Luckily, React has the useSyncExternalStore hook for just this use case. You pass the hook two functions: subscribe and getSnapshot. React calls the subscribe function with a callback for you to invoke whenever the content of the data store may have changed. React calls the getSnapshot function to check whether the data store content has changed since the last render.

The result of getSnapshot can be whatever you like, as long as it’s comparable using object.is. The snapshot must be immutable. React uses the snapshot mechanism to ensure that everything rendered comes from a consistent point in time.

How you extract data from a snapshot is entirely up to you.

Generics

The useSyncExternalStore hook is generic. Most of my previous experience with generic language features is with templates in early versions of C++. Templates were complex to understand, resulted in obscure compiler errors, significantly changed the compilation and linking process and were impossible to debug. I quickly learnt to avoid templates if at all possible.

export function useSyncExternalStore<Snapshot>(
    subscribe: (onStoreChange: () => void) => () => void,
    getSnapshot: () => Snapshot,
    getServerSnapshot?: () => Snapshot,
): Snapshot;

Which is probably why my first reaction on seeing the useSyncExternalStore definition was to pick a fixed type to use as a snapshot and minimize the contamination of my code with generics. My main implementation of a data store is going to be based on event sourcing, so I can use an index into the event log as a snapshot. Nice and simple. A snapshot is just a number.

I’ve also been thinking about how to combine multiple data stores into a single view. You could have a MultiSpreadsheetData interface that wrapped an array of SpreadsheetData instances.
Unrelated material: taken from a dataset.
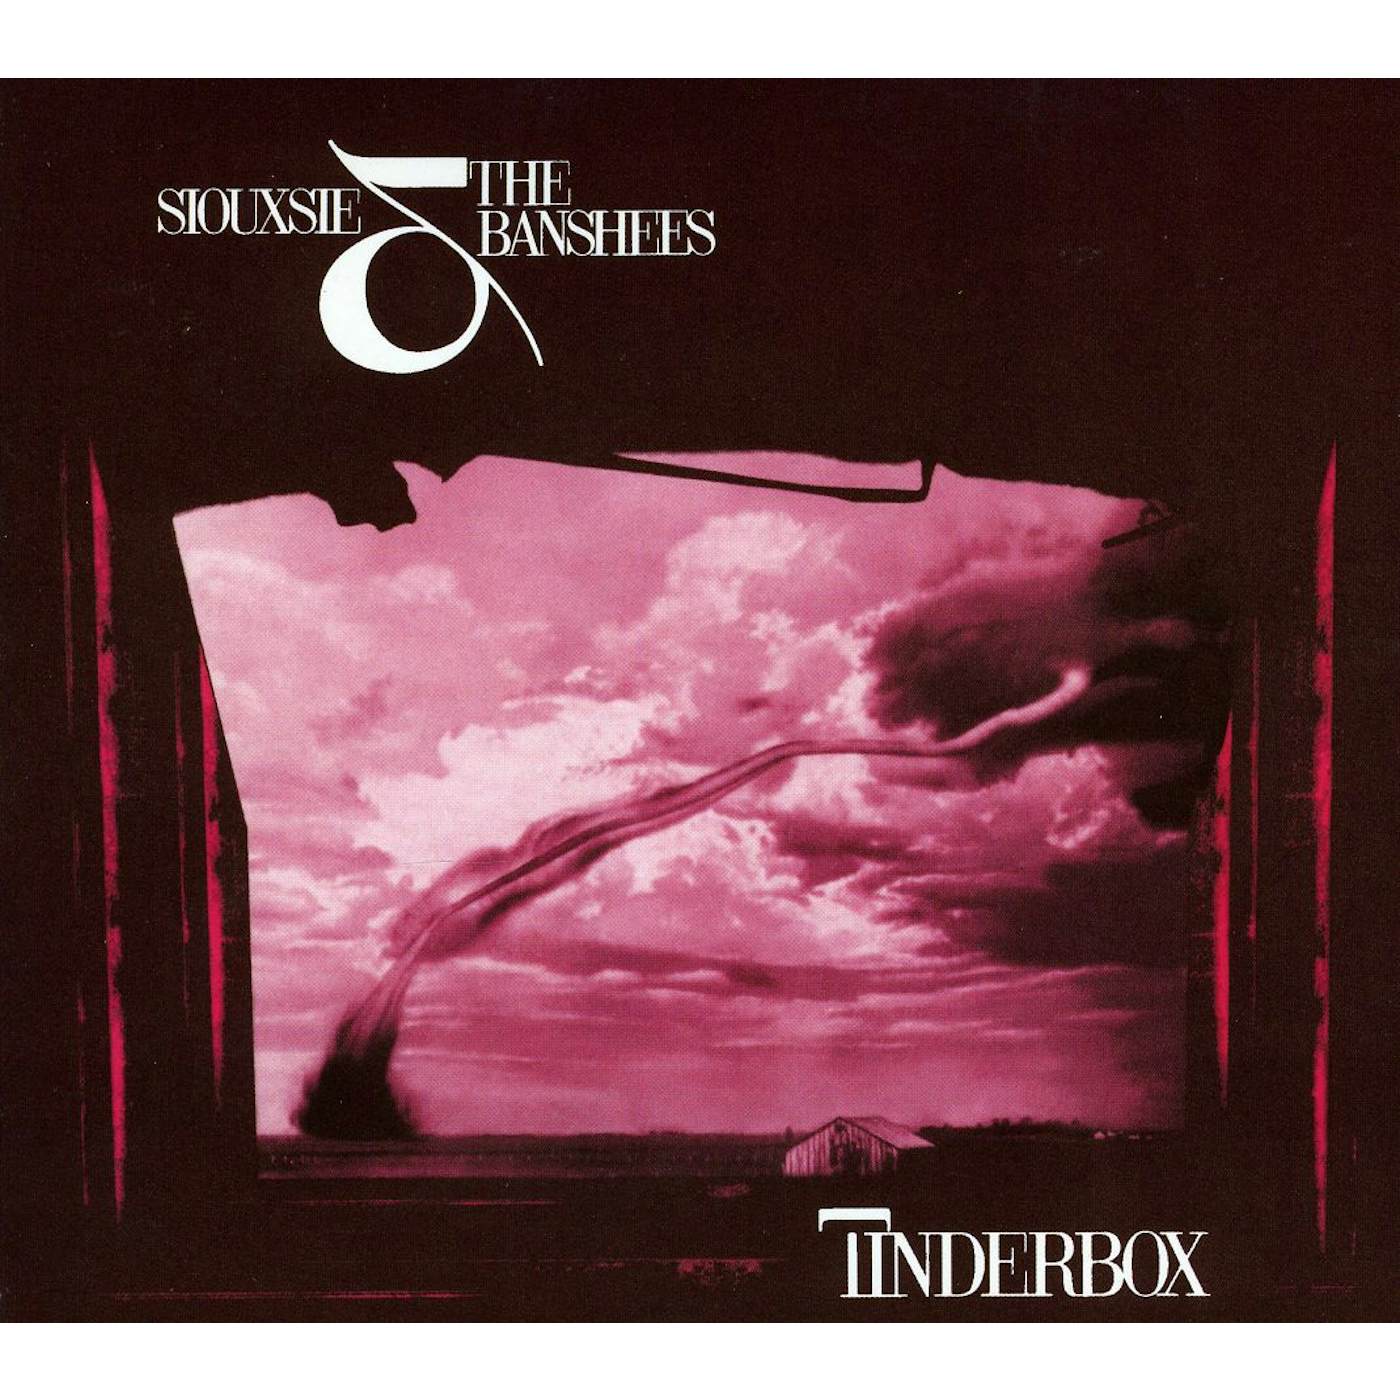 Siouxsie and the Banshees TINDERBOX CD

The getCellValue method would call each child store in turn until it found a defined value. You could have a read-only reference data store and overlay an empty editable data store.

Unfortunately, that needs a more complex snapshot. In general, MultiSpreadsheetData would need to return an array containing each child store’s snapshot. I briefly thought about an end run around the type system by declaring Snapshot as unknown or any. Then I realized that I’m better than that.
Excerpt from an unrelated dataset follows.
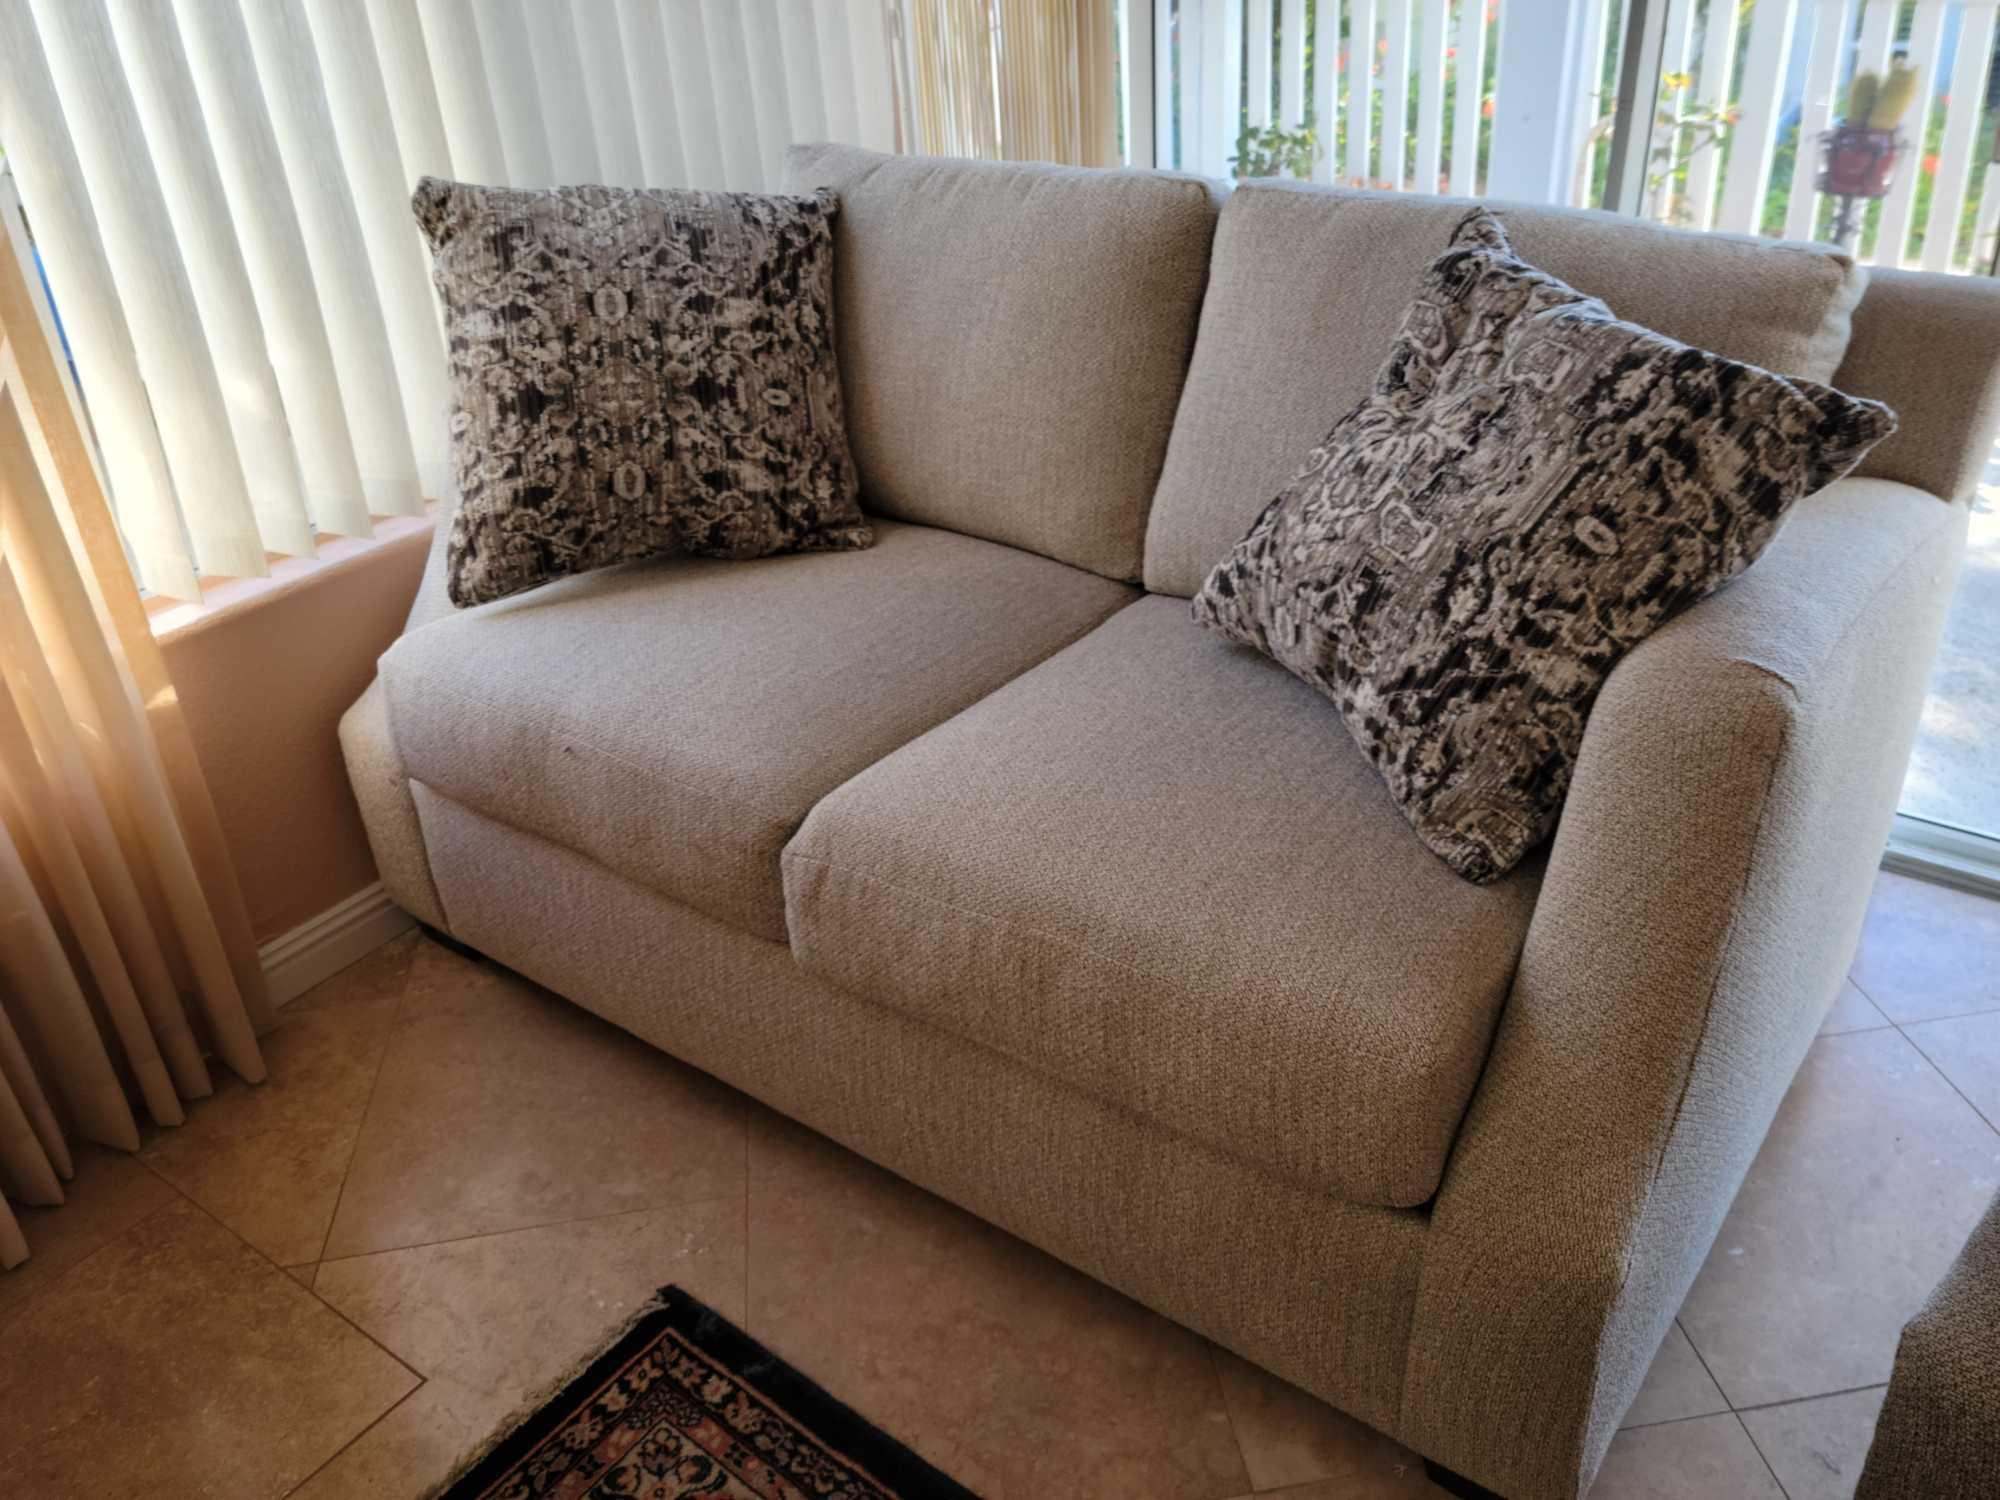 Loveseat and Matching chair

TypeScript is a long way from C++. In the end, I decided to try embracing TypeScript generics and see where I ended up. After all, this whole process is meant to be a learning experience. I was comforted by the thought that TypeScript is simply a set of annotations on top of JavaScript. All that compiling TypeScript does is remove the annotations. The runtime code will be exactly the same regardless of whether functions are generic or based on fixed types.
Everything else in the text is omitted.